The insurer’s scathing opposition also irked me because of what it said to me about a lack of civility in the profession. I am not a litigator so I am not used to courtroom dynamics and hardball tactics. I am a paperwork lawyer, I write briefs and articles, and blog, like here, about legal developments and what our organization is doing to move the ball forward for policyholders. Reading the opposition was jarring, since in almost every case, insurers welcome our participation and if they oppose our brief, it’s on the merits rather than by attacking the credibility of our organization. It also surprised me since I am engaged with the American Bar Association and other professional organizations where I sit on committees with policyholder advocates and insurers alike. The discourse is extremely cordial and there is an incredible amount of collaboration that occurs.

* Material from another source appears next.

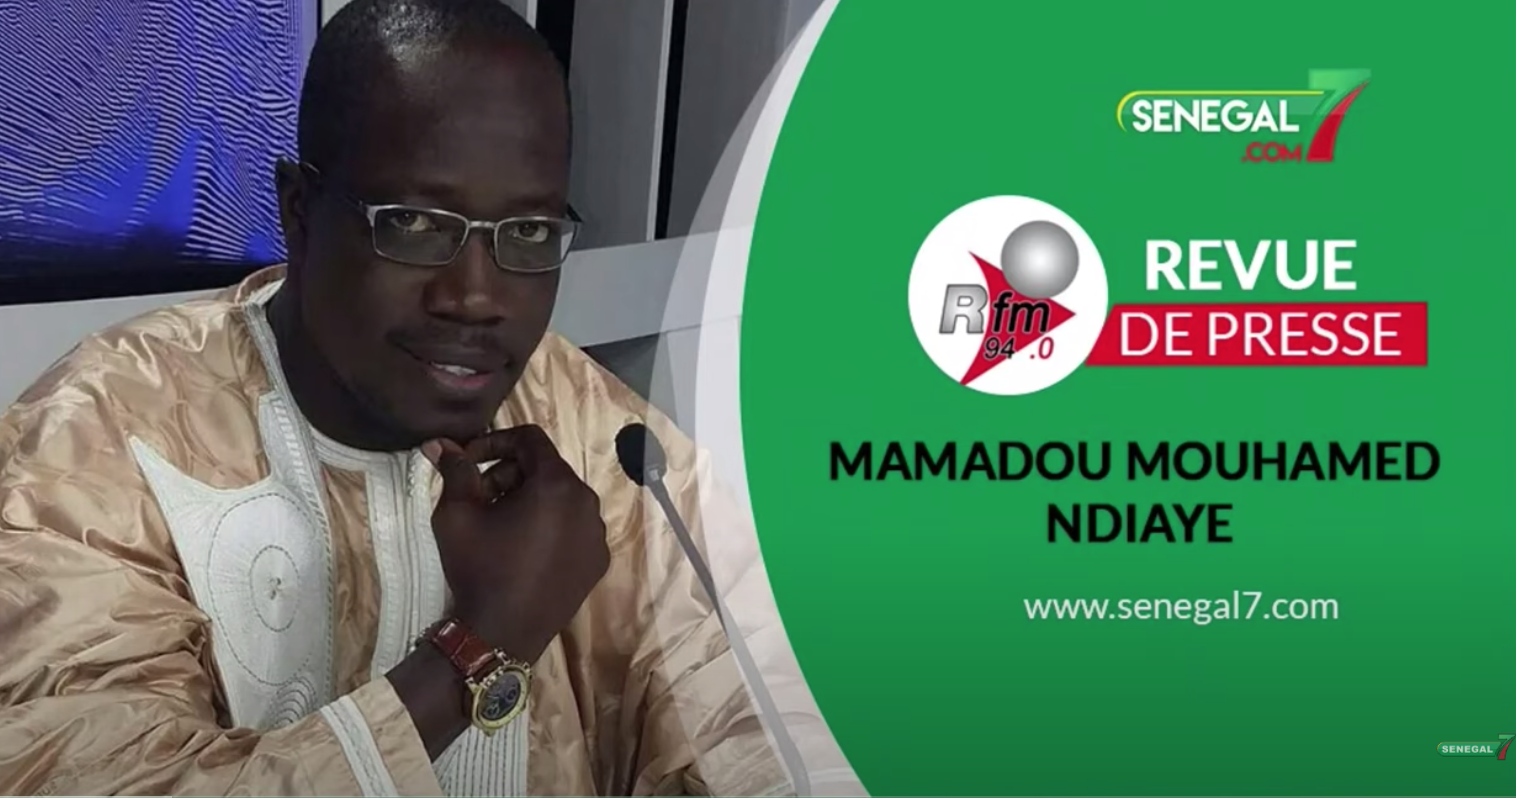 Revue de presse (wolof) Rfm du Lundi 06 septembre 2021 avec Mamadou Mouhamed Ndiaye

UP is also strategic about where it gets involved. It evaluates the merits of each case and in many cases, decides the insurer’s coverage position is correct or that the policyholder is asking for something unreasonable. Of the hundreds or thousands of insurance coverage cases that go up on appeal each year, we’ve only weighed in on 400 or so in nearly 25 years, so we clearly pick an choose our battles wisely. We pick the cases that we think will have the most impact (like here) or where we think the policyholder really needs our help. As an organization, we pick our advocacy priorities in a similar way, always mindful of where we can build alliances “across the aisle,” so-to-speak, and of civility. In any event, we’ll keep on doing what we do best – helping victims of the wildfires (we call them survivors) on the road to recovery.